4-Nitrophenol (4-NP) is among the mostly used chemicals in the industry [1, 2]. However, the elimination of 4-NP from water waste is an important issue in environmental science because 4-NP is a general organic pollutant generated during industrial or agricultural processes. Various methods have been applied to eliminate 4-NP, mainly includes: adsorption, photocatalysis, advanced oxidation processes, catalytic chemical oxidation, and nitro group reduction [3-7]. Among these methods, the reduction has been commonly adopted for the obvious advantages of mild reaction conditions, simple reaction treatment, and environmental friendliness. Moreover, its reduction product (aminophenol) can be reused. Therefore, it is virtually significant to develop effective catalysts for the reduction of 4-NP.

Due to their unprecedented activities, noble metal nanoparticles have attracted significant interest in catalysis science and engineering. Palladium nanoparticles (Pd NPs) catalysts are now obtaining attention because of their unique catalytic activity in the treatment of wastewater containing 4-NP [8]. Moreover, shape-controlled palladium nanomaterials have important application value in the field of catalysis. Moreover, ligands play a key role in the preparation of nanomaterials with different morphologies [9]. Herein, Pd nanoflowers (Pd NFs) was firstly developed using amino-functionalized fullerene (C60-NH2) as a supporting platform by a facile self-assembly hydrothermal approach (referred to as Pd NFs/C60-NH2). Assembly growth prepared Pd NFs/C60-NH2 exhibited further improvement of catalytic activity and stability for the reduction of 4-nitrophenol (4-NP) to 4-aminophenol (4-AP) by UV–vis spectra. We believe that fullerene nano-platforms supported novel metal nanoflowers will offer promising applications in catalysis.
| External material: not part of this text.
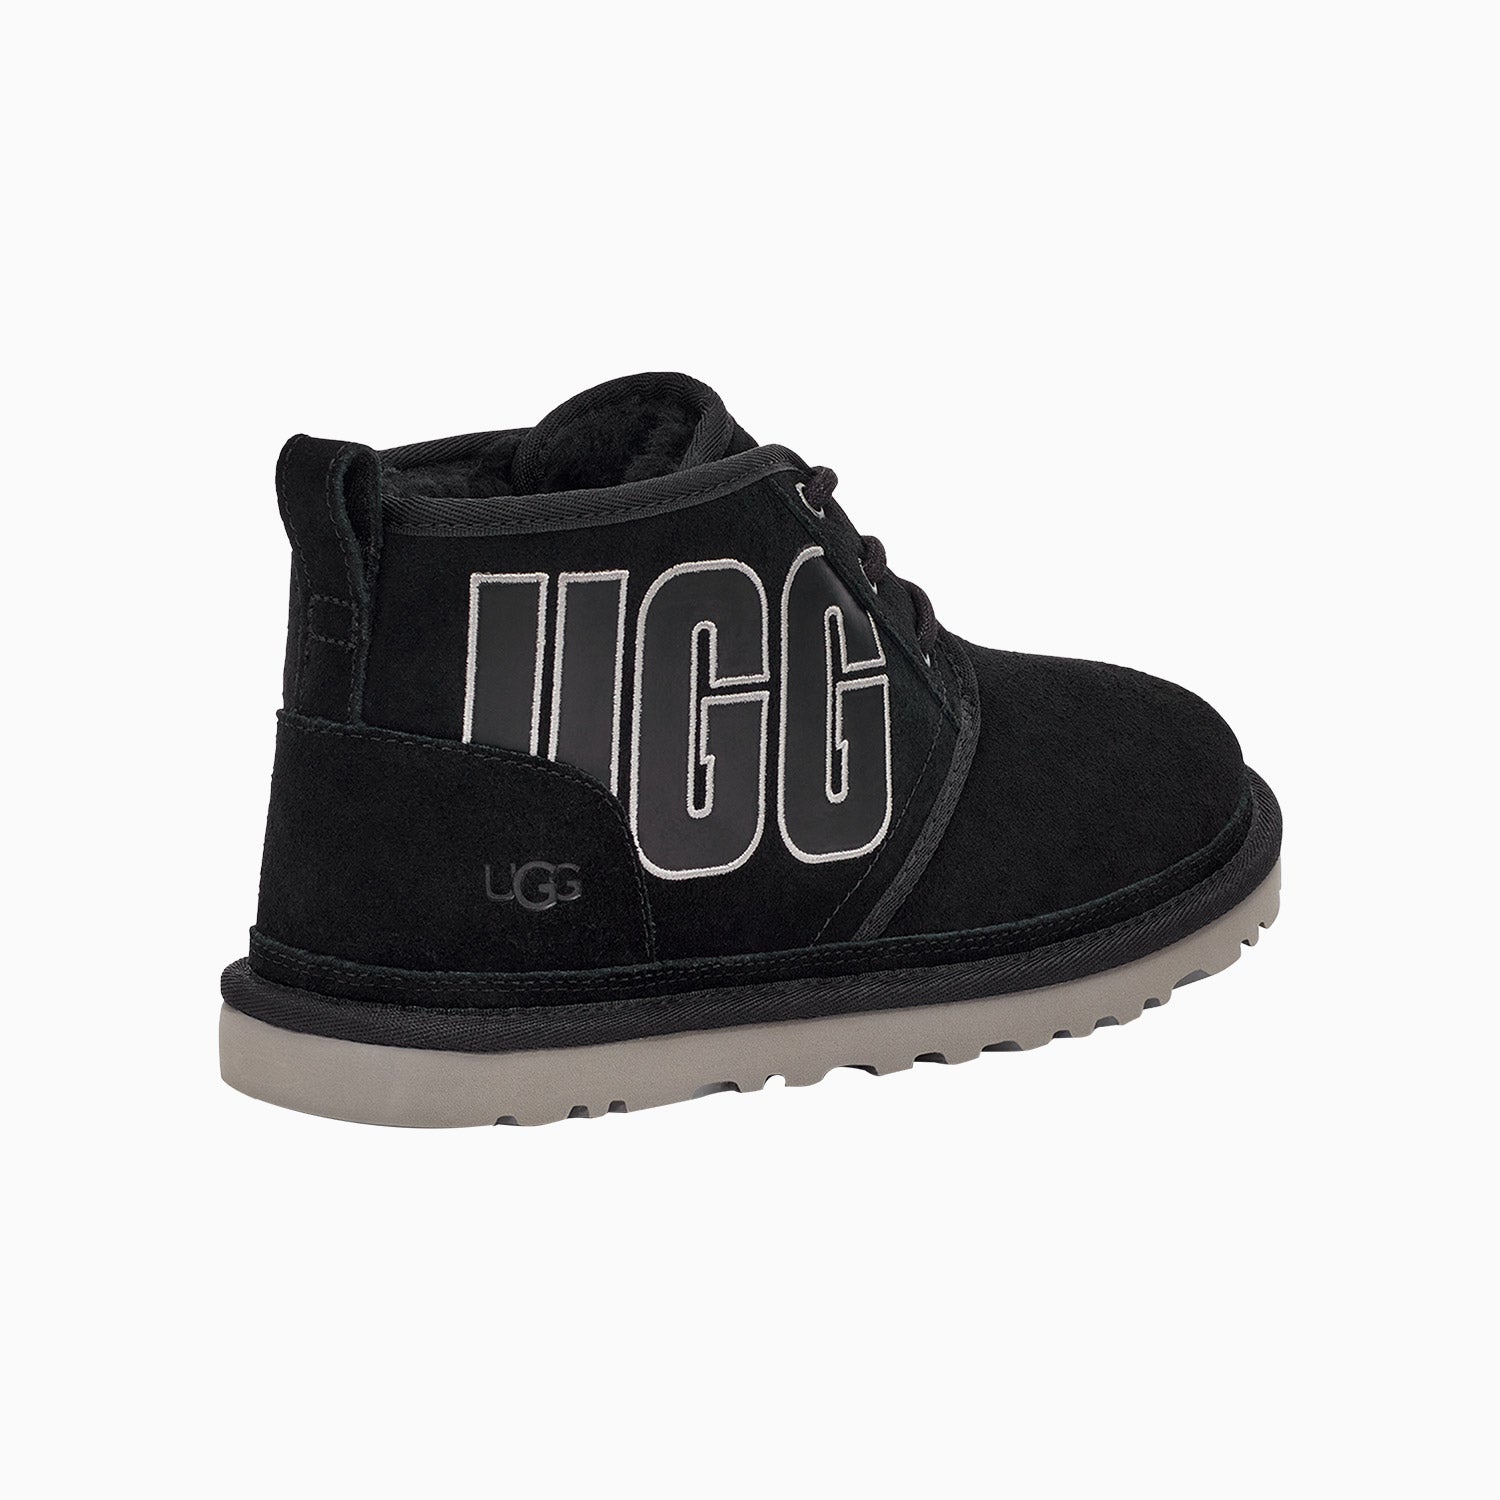 UGG Men's Neumel Graphic Outline Boot - Color: Black Grey Suede - Tops and Bottoms USA -

Amine functionalized fullerene (C60-NH2) was synthesized according to the procedure of previous study [10]. The resulting dark brown solid products (C60-NH2) were dried in vacuum at 60 C for 24 h. Pd nanoflowers were synthesized as follows. Palladium chloride precursor (PdCl2≥99.9%) in the amount of 0.02 mmol was dissolved in two drops of HCl (36.5%), then added into a mixture of 40 mL N, N-dimethylformamide (DMF) of with 1 mg C60-NH2 (the mass rate of Pd: C60-NH2 is 1:2) together. The combination was then placed into a Teflon-lined autoclave. The autoclave was purged with N2 for three times. After that, heated and conditioned at 140 C for 6 h without stirring, followed by separating and washing with ethanol, vacuum drying at 60 C overnight. The yield of Pd NF/C60-NH2 was ca. 90%. The catalytic activity of different Pd nanocomposites was tested by the reduction of 4-nitrophenol (4-NP) to 4-aminophenol (4-AP) using NaBH4 as the reducing agent. In a typical test, 4-NP (2.3 mmol/L) was first mixed with fresh NaBH4 (0.032 mol/L) aqueous solution (the molar ratio of NaBH4 to 4-NP was 200:1) from which 1 mL of the mixture solution was transferred to the quartz cuvette. A 10 μL portion of catalyst Pd NFs/C60-NH2 (1 mg/mL) was introduced into the cuvette followed by rapid mixing with the pipetting over 2 s. The reaction kinetics at room temperature was monitored at different time by UV–vis scans between 200 nm and 500 nm. The maximum absorption was recorded at 400 nm and used for evaluating the concentration of 4-NP.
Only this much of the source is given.